▶ [Work instructions]: Since pictures are not part of the copy, please output only the lines from the one with "360 degree panoramic" through the end of the data below, exactly as written.

▶ [Dataset extract]:
□ □ □ □ □ □ □

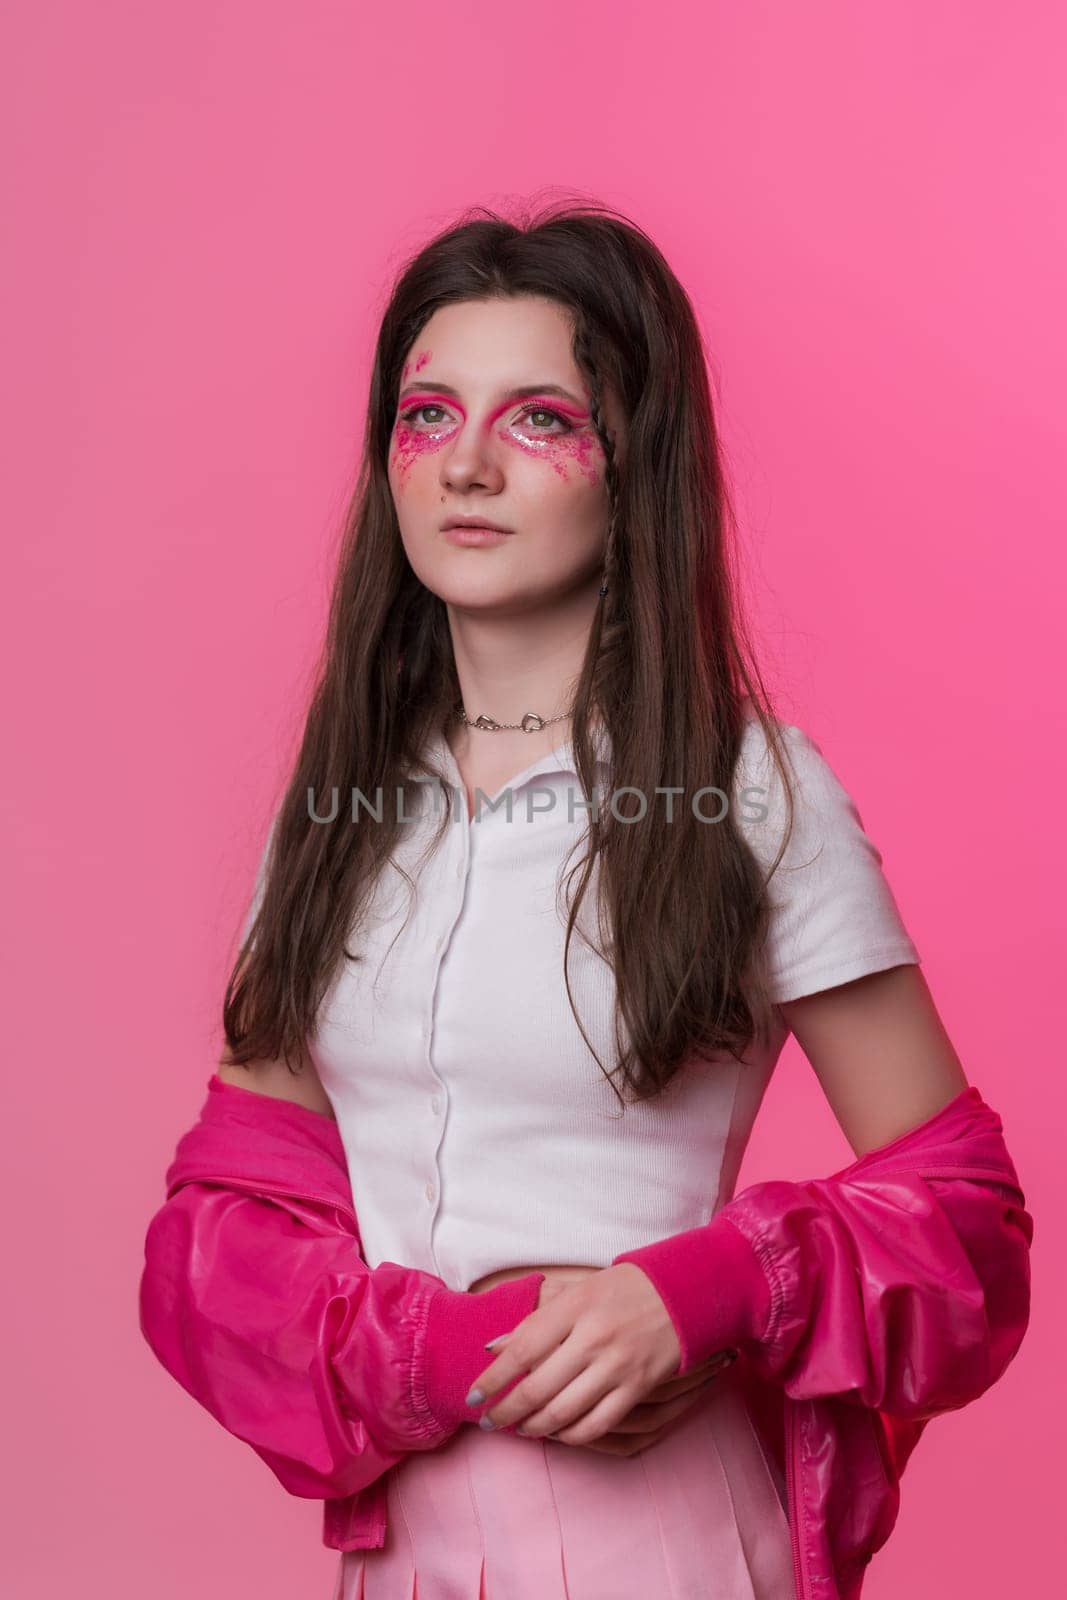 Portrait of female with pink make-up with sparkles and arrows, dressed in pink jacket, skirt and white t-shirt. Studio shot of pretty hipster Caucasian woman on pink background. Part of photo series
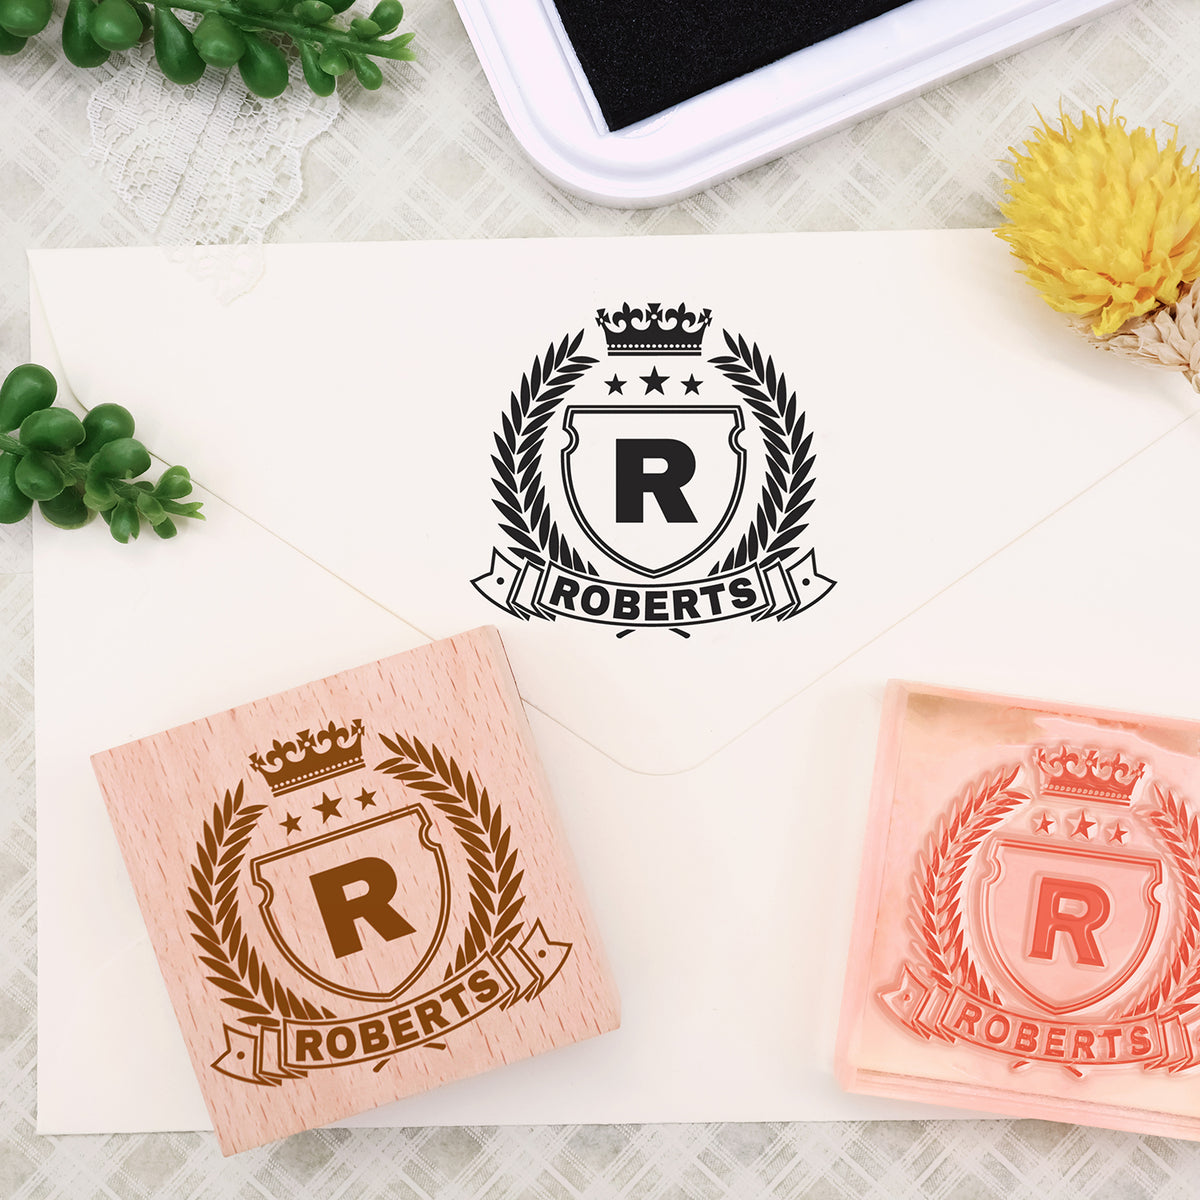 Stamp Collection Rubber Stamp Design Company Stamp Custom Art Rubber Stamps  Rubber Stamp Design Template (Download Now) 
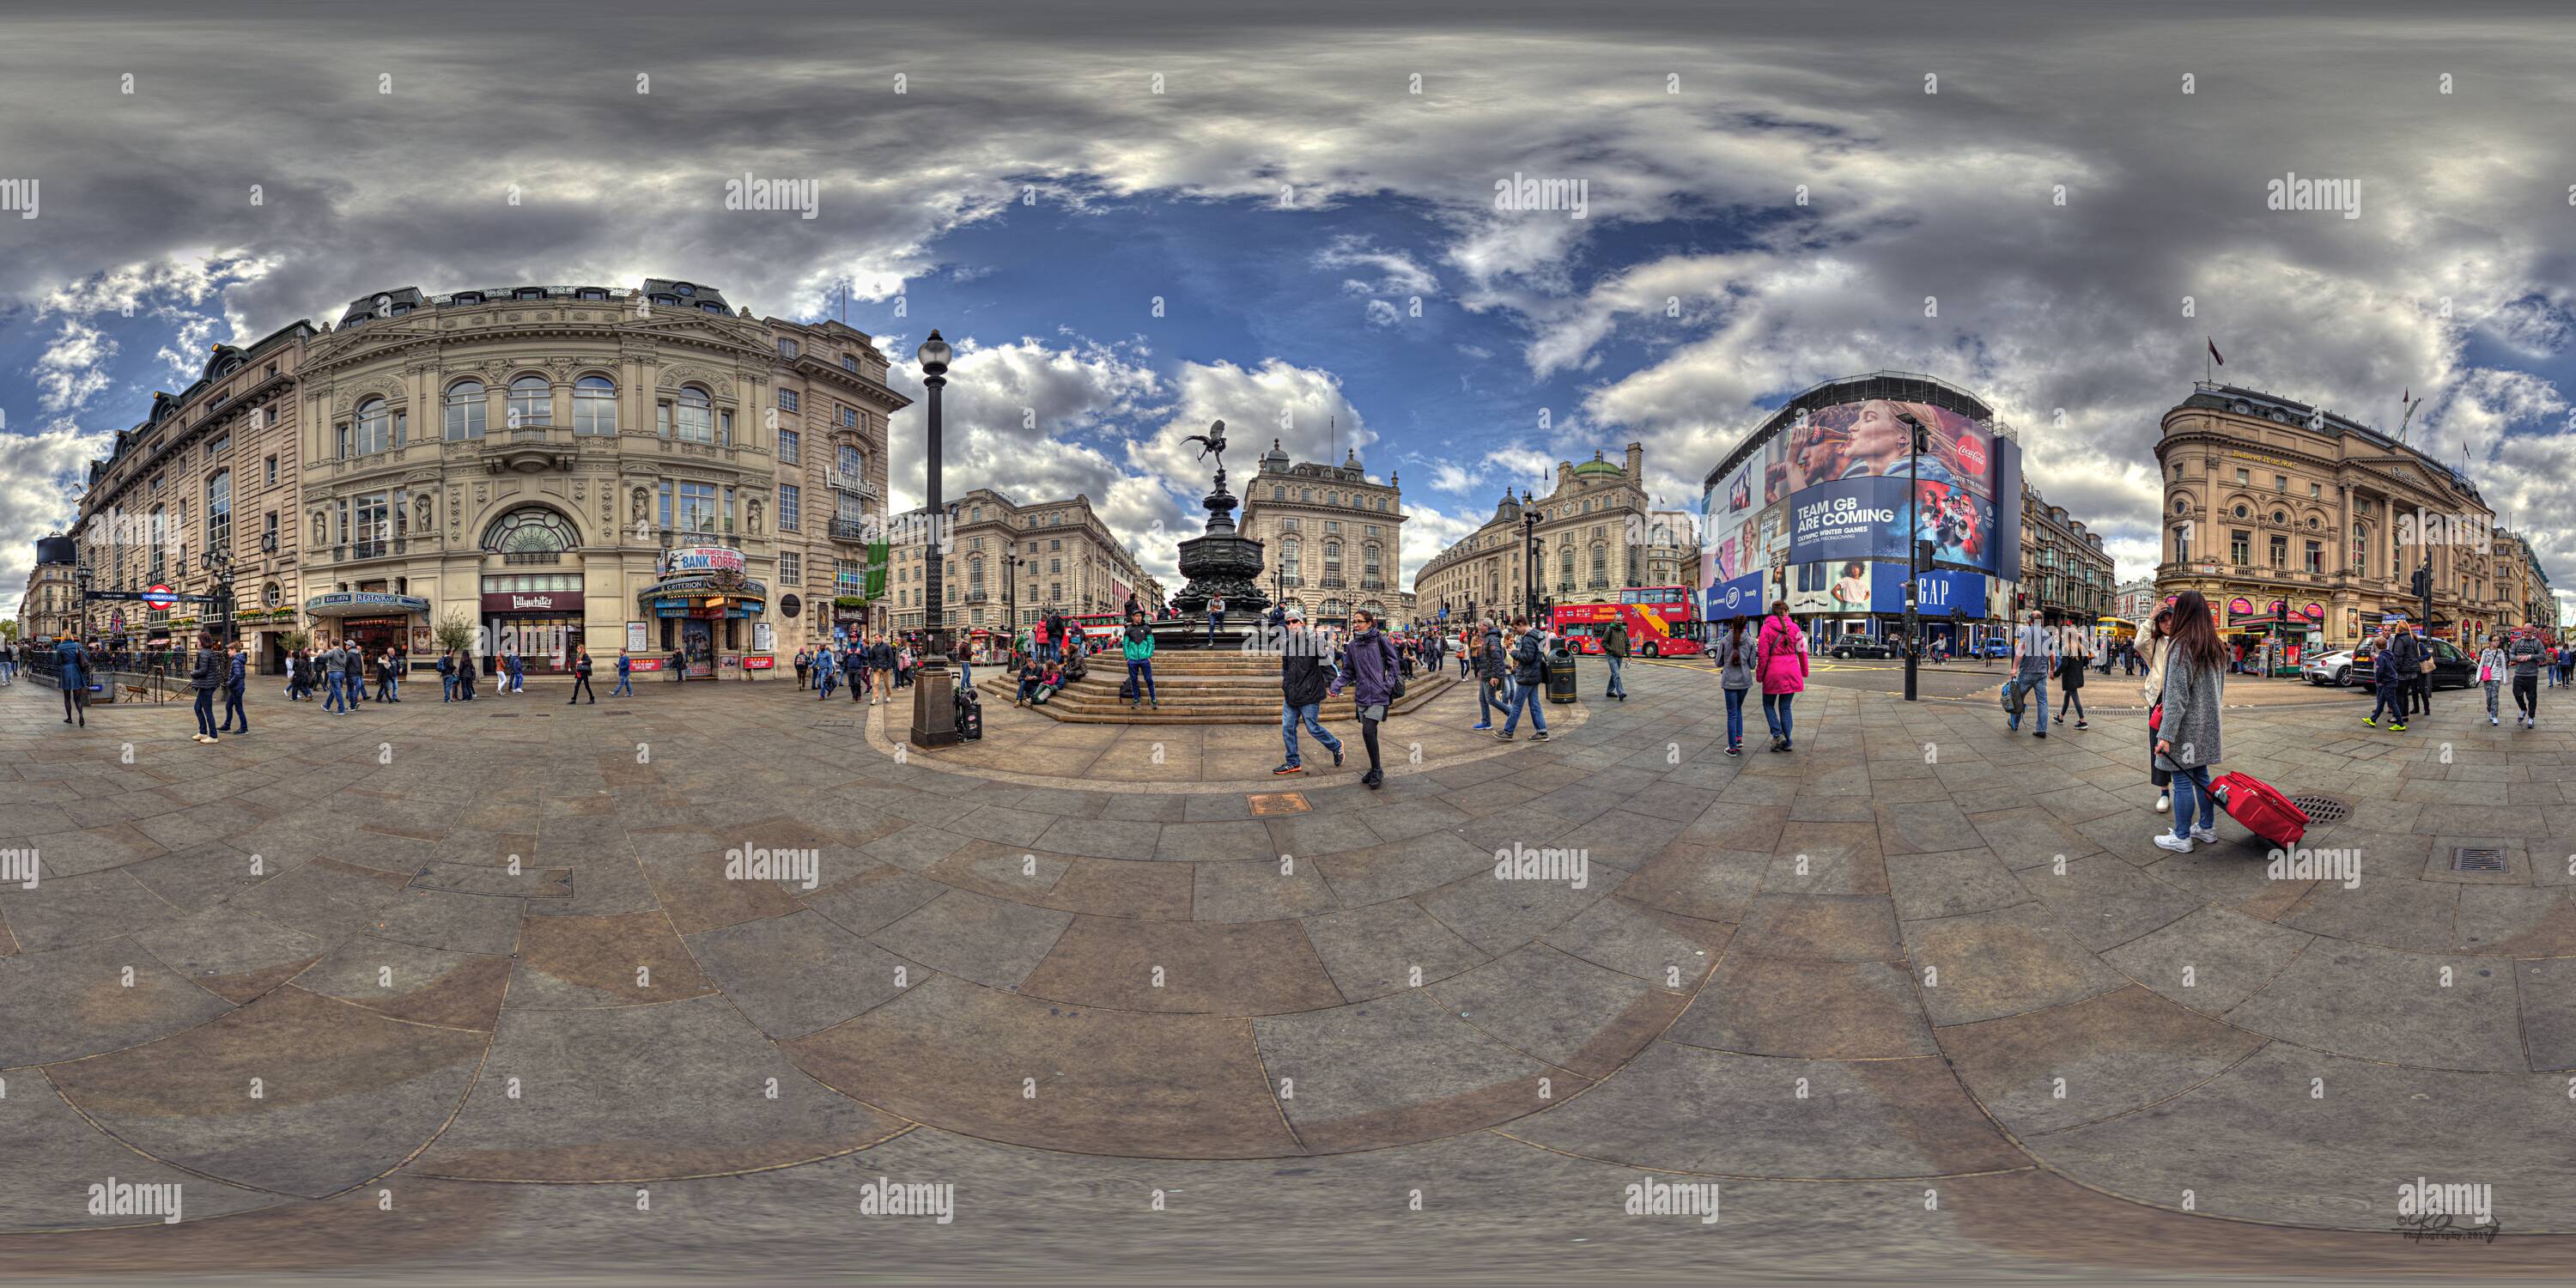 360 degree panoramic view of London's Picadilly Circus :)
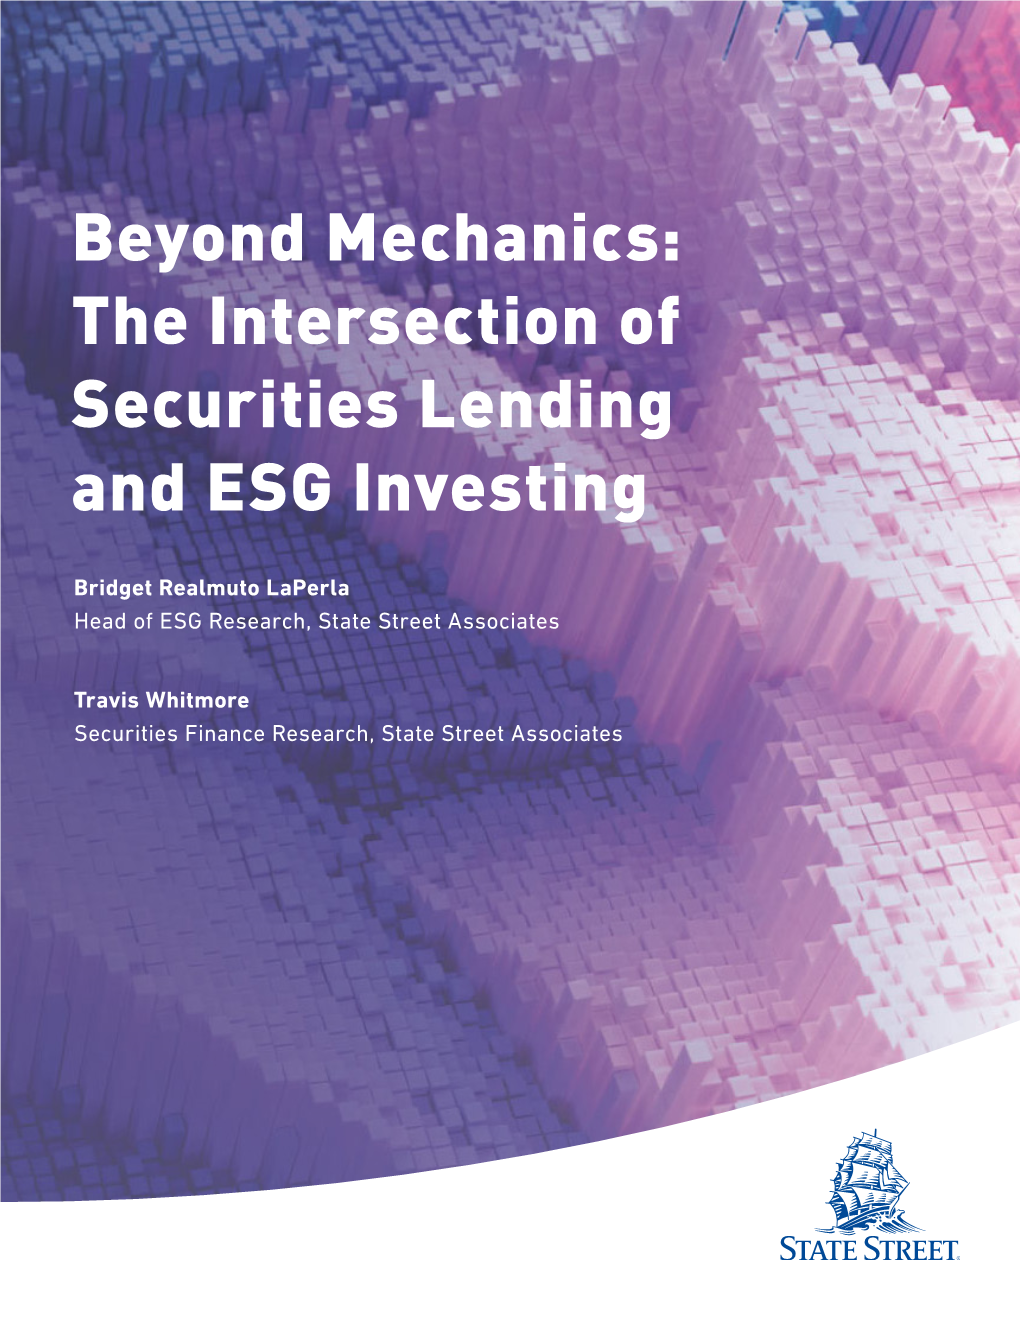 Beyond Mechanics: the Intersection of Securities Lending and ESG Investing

□ □ □ □ □ □ □

▶ [Task result]:
 360 degree panoramic view of London's Picadilly Circus :)
 Beyond Mechanics: the Intersection of Securities Lending and ESG Investing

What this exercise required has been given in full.